The first book to present the common mathematical foundations of big data analysis across a range of applications and technologies. Today, the volume, velocity, and variety of data are increasing rapidly across a range of fields, including Internet search, healthcare, finance, social media, wireless devices, and cybersecurity. Indeed, these data are growing at a rate beyond our capacity to analyze them. The tools—including spreadsheets, databases, matrices, and graphs—developed to address this challenge all reflect the need to store and operate on data as whole sets rather than as individual elements. This book presents the common mathematical foundations of these data sets that apply across many applications and technologies. Associative arrays unify and simplify data, allowing readers to look past the differences among the various tools and leverage their mathematical similarities in order to solve the hardest big data challenges. The book first introduces the concept of the associative array in practical terms, presents the associative array manipulation system D4M (Dynamic Distributed Dimensional Data Model), and describes the application of associative arrays to graph analysis and machine learning.

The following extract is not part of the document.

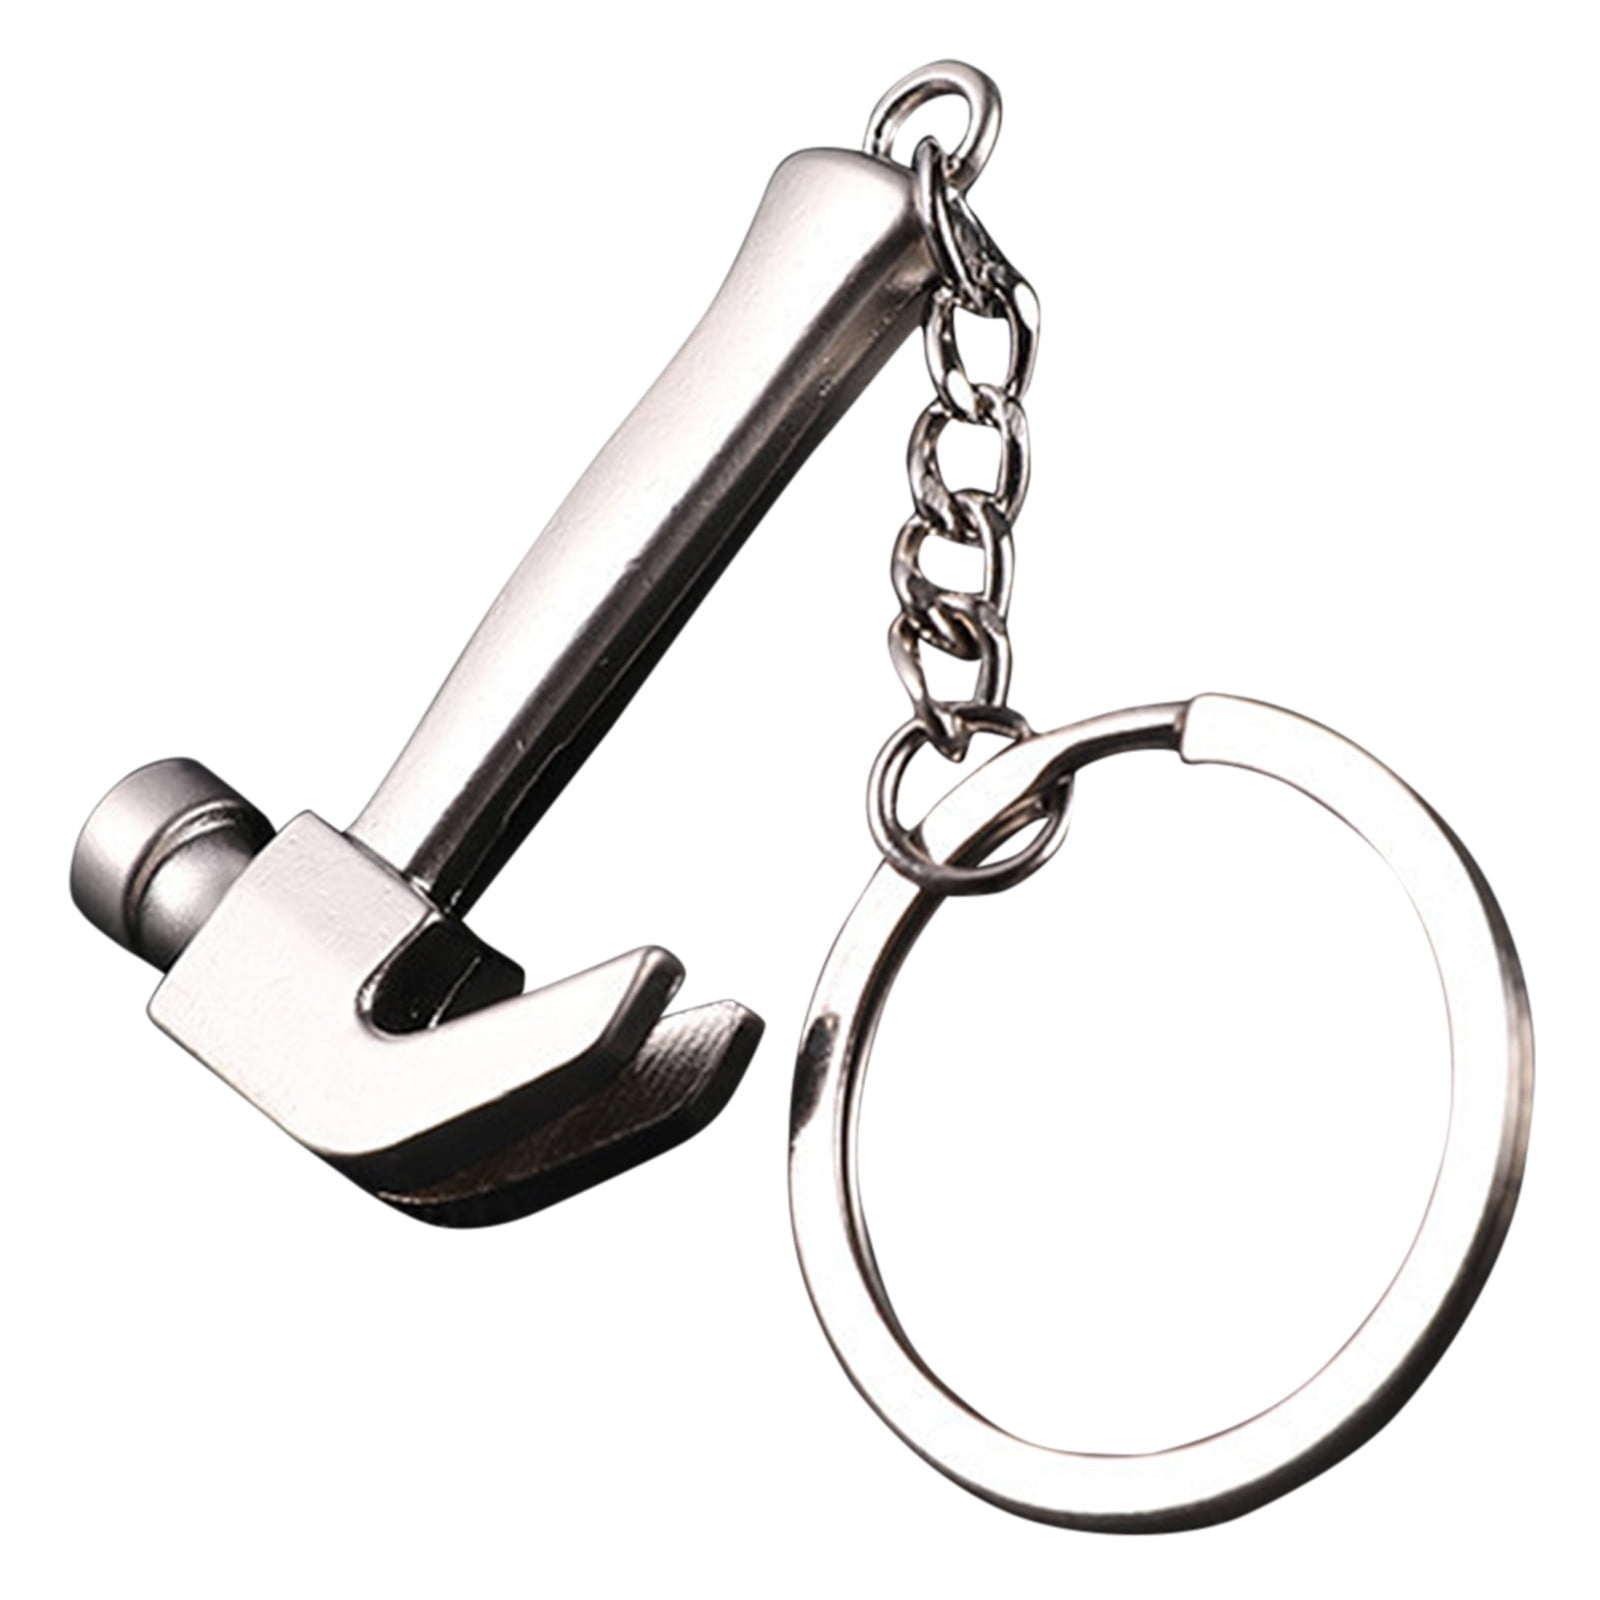 Stainless steel Adjustable Creative Wrench Spanner Key Chain Ring Keyring Tool !

It provides a mathematically rigorous definition of associative arrays and describes the properties of associative arrays that arise from this definition. Finally, the book shows how concepts of linearity can be extended to encompass associative arrays. Mathematics of Big Data can be used as a textbook or reference by engineers, scientists, mathematicians, computer scientists, and software engineers who analyze big data.